Berenhaut, Kenneth S., Katherine E. Moore, and Ryan L. Melvin. 2022. “A Social Perspective on Perceived Distances Reveals Deep Community Structure.” *Proceedings of the National Academy of Sciences,* 119 (3).


## Installation

Install the CRAN version:

```{r, eval = FALSE}
install.packages("pald")
```

Or you can install the development version of pald from GitHub with:

``` r
# install.packages("devtools")
devtools::install_github("LucyMcGowan/pald")
```

```{r example, results='hide'}
library(pald)
```

## Input

The input for the Partitioned Local Depth (PaLD) approach is a distance matrix (or `dist` object) associated with a finite collection of data points.  Throughout, no distributional assumptions, iterative procedures nor optimization criteria are employed.  

The only information extracted from the distance matrix are within-triplet dissimilarity comparisons. As a result, outputs are unaffected by monotone transformations of the collection of distances (e.g., $\log_2$). Further, one may transform any measure of similarity, $s(x, y)$, to a measure of dissimilarity, $d(x,y)$, via any order-reversing monotone transformation, for instance by taking $d(x, y) = 1/(1 + s(x, y))$. This provides the user some flexibility in the choice of dissimilarity (e.g., triangle inequality is not required) and care should be taken at this stage.  

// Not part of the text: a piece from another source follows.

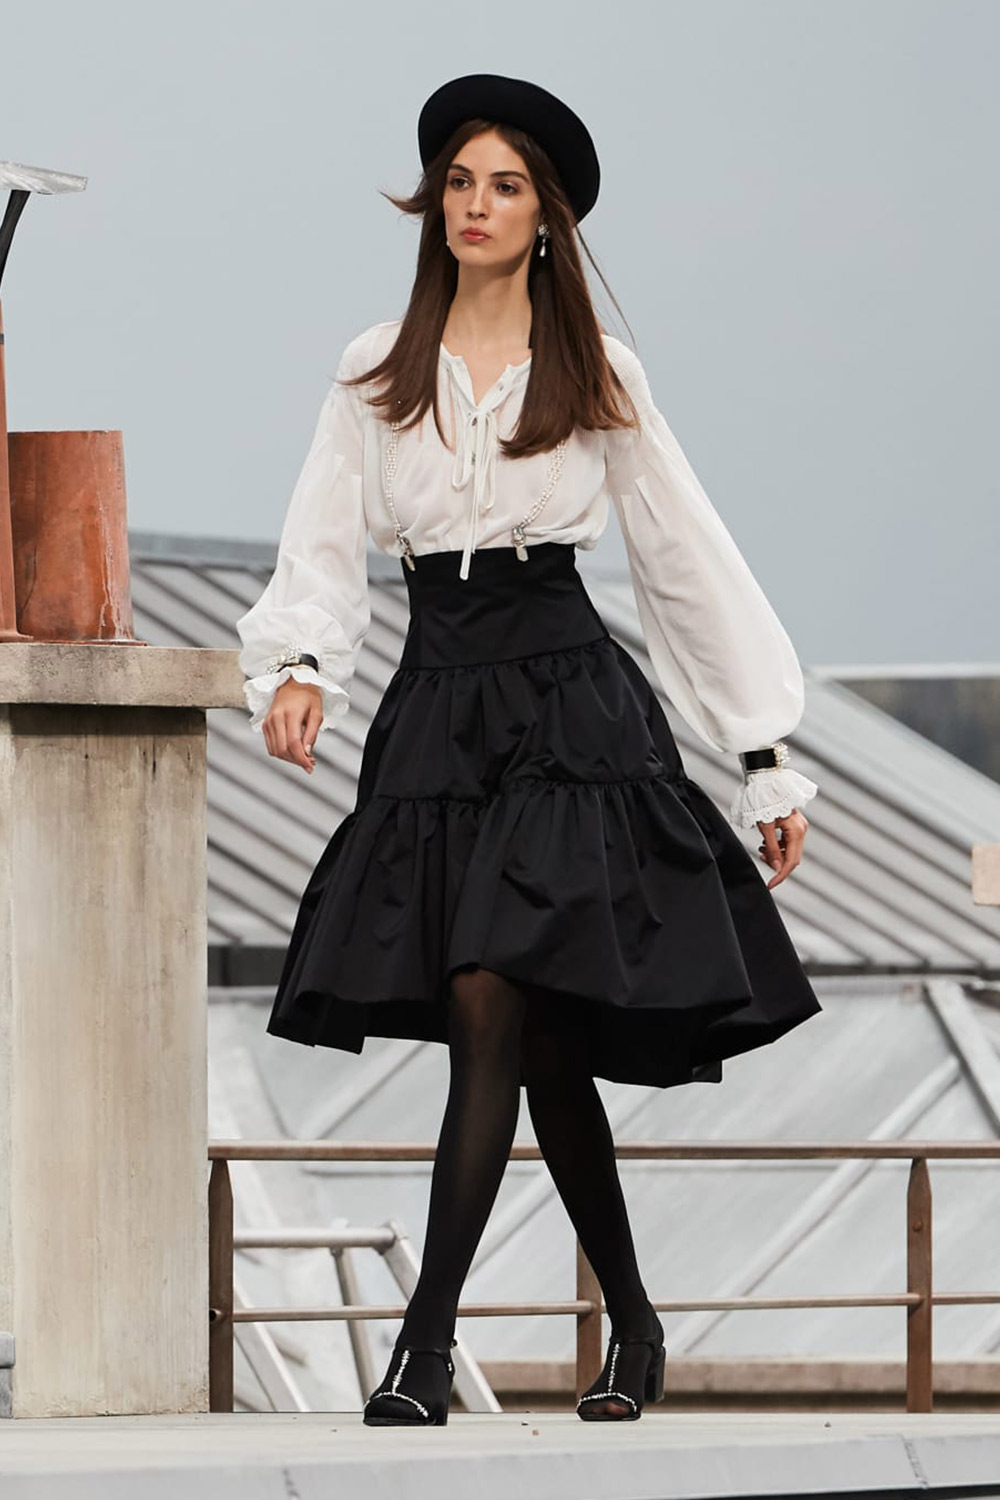 The 15 Best Chanel Outfits, From the Runway to Street Style | Who What Wear

The function `dist()` from the `stats` package converts an input data frame (with $n$ rows) into an $n \times n$ distance matrix.  In Euclidean examples here, we will use the default Euclidean distance. 

## A Small Example

For demonstration purposes, let's begin with the small example from Figure 1 in [@bmm22].  
```{r fig-1, echo=FALSE}
par(pty = "s")
plot(exdata1, 
     pch = 16, 
     xlim = c(-2.5, 2.25), 
     ylim = c(-1.5, 3.25), 
     xlab = "",
     ylab = "")

text(exdata1 + .2, 
     lab = 1:8,
     xlim = c(-2.5, 2.25), 
     ylim=c(-1.5, 3.25), 
     xlab = "",
     ylab = "")
```

The wrapper function `pald()` computes the cohesion matrix from which local depths are determined and community networks may be formed.  In the plots of the community networks, strongly cohesive pairs are colored according to connected component.  Such connected components may be considered "(community) clusters."  Note that the Fruchterman Reingold (FR) force-directed network drawing algorithm employed here will provide somewhat different graph layouts each time it is run.  

```{r pald}
par(mfrow = c(1, 2), pty = "s")  

D <- dist(exdata1)
pald_results <- pald(D, emph_strong = 1, vertex.label.cex = 3)

###

plot(exdata1,
     pch = 16,
     xlim = c(-2.5, 2.25),
     ylim=c(-1.5, 3.25),
     xlab = "", 
     ylab = "",  
     main = "Local Depths")
text(exdata1 + .23, 
     lab = round(pald_results$local_depths, 2), 
     xlim = c(-2.5, 2.25),
     ylim = c(-1.5, 3.25), 
     xlab = "", 
     ylab = "", 
     cex = .8)
```

The wrapper function `pald()` returns a list containing: the cohesion matrix, local depths, (community) clusters, the threshold for identifying strong ties, the thresholded and symmetrized cohesion matrix, the community graph whose edges are weighted by mutual cohesion, the weighted graph of strong ties, and the layout provided by the FR network drawing algorithm applied to the community graph. 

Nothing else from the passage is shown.